Normally, I’ve got so much music swirling around in my computer that when something new and noteworthy comes around, a day or two passes by before I actually get around to listening to it.

But Beck’s Morning Phase was a major exception. I couldn't wait to dive headfirst into Beck’s first full-length album in almost six years.

One of the most talented and creative songwriters of ours, or any generation, Beck has been a fascinating enigma for twenty years now.

Morning Phase, coming out on February 25, 2014, is a sonic sequel to his 2002 album Sea Change; the definitive acoustic break-up album of the 21st century. Taking its cues from Sea Change, Morning Phase has some defining strengths and weaknesses. But its few flaws almost make it a more endearing return.

Grand, warm, and buoyed by an incredibly wide sonic palette; Morning Phase is a widescreen, high-definition album. With the album’s stunning production, even its lesser songs sound impressive. Beck’s ability to weave intricate and nuanced sonic details with his always-sharp lyricism makes Morning Phase an incredibly strong return to form.

After the instrumental intro, “Cylce,” “Morning” gloriously announces Beck’s return. Its serene opening chords wash over like a wave, Beck’s vocals effortlessly hitting the falsetto the melody requires. It’s a fairly simple ballad, but Beck’s talents make it seem like so much more, with gorgeous harmonies and small instrumental flourishes occurring in just the right places.

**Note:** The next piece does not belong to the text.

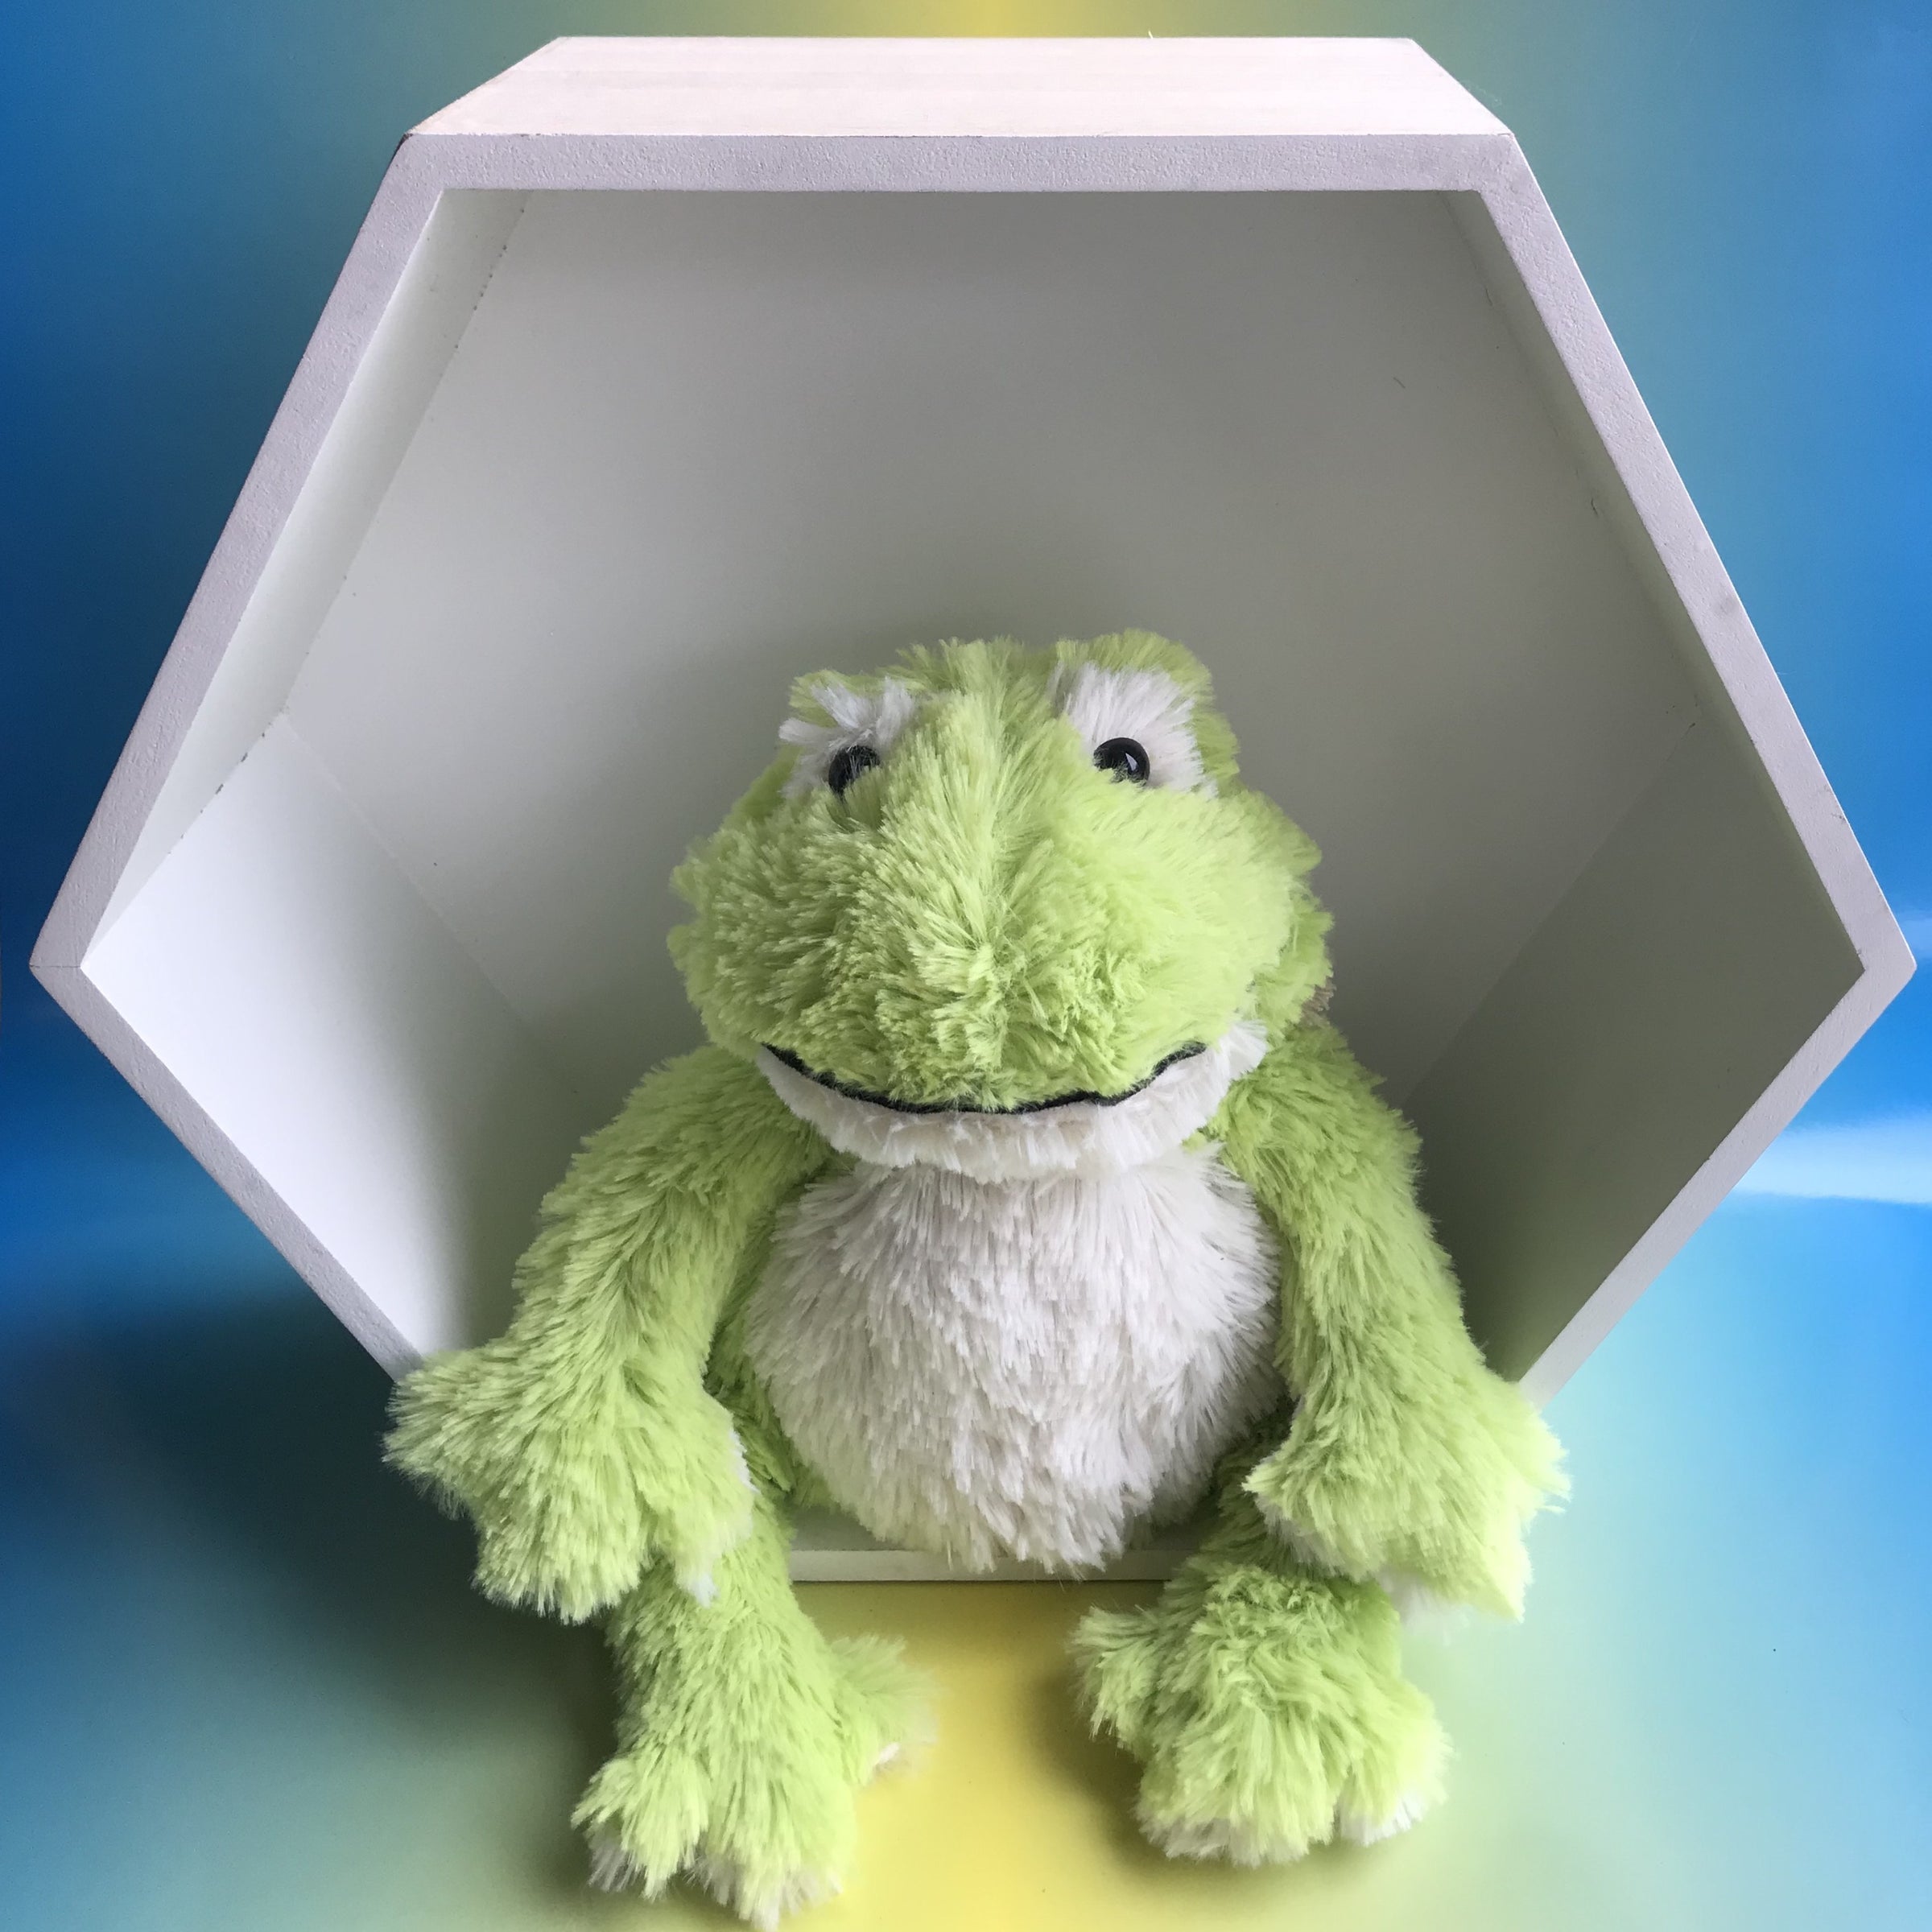 Warmies Frog Plush

“Heart Is A Drum” is propelled restlessly forward by a driving acoustic riff, with Beck’s relaxed, airy vocals providing a beautiful counterpoint to the riff’s determined movement.

Check out "Waking Light" here:

“Blue Moon” may seem, as it did to me, overly saccharine at first listen. But closer examination reveals an exquisitely detailed ballad. The rhythm section is solidly in place, while the song’s guitars weave themselves around the song’s framework, adding consistently to the beauty of the melody and Beck’s vocals.

“Turn Away” has a more simple riff, letting Beck’s voice and songwriting skill really come to the fore. “Country Down” is an expansive beauty that evokes the wide-open, desolate landscape its title implies. When Beck unleashes a beautiful harmonica solo, you could practically imagine listening to this track while engaged in a round of debauchery in “Red Dead Redemption.” “Waking Light” leaves the album on a fittingly gorgeous note. The song’s echo and sense of scale make the track seem like it was written to be listened to in the middle of a canyon.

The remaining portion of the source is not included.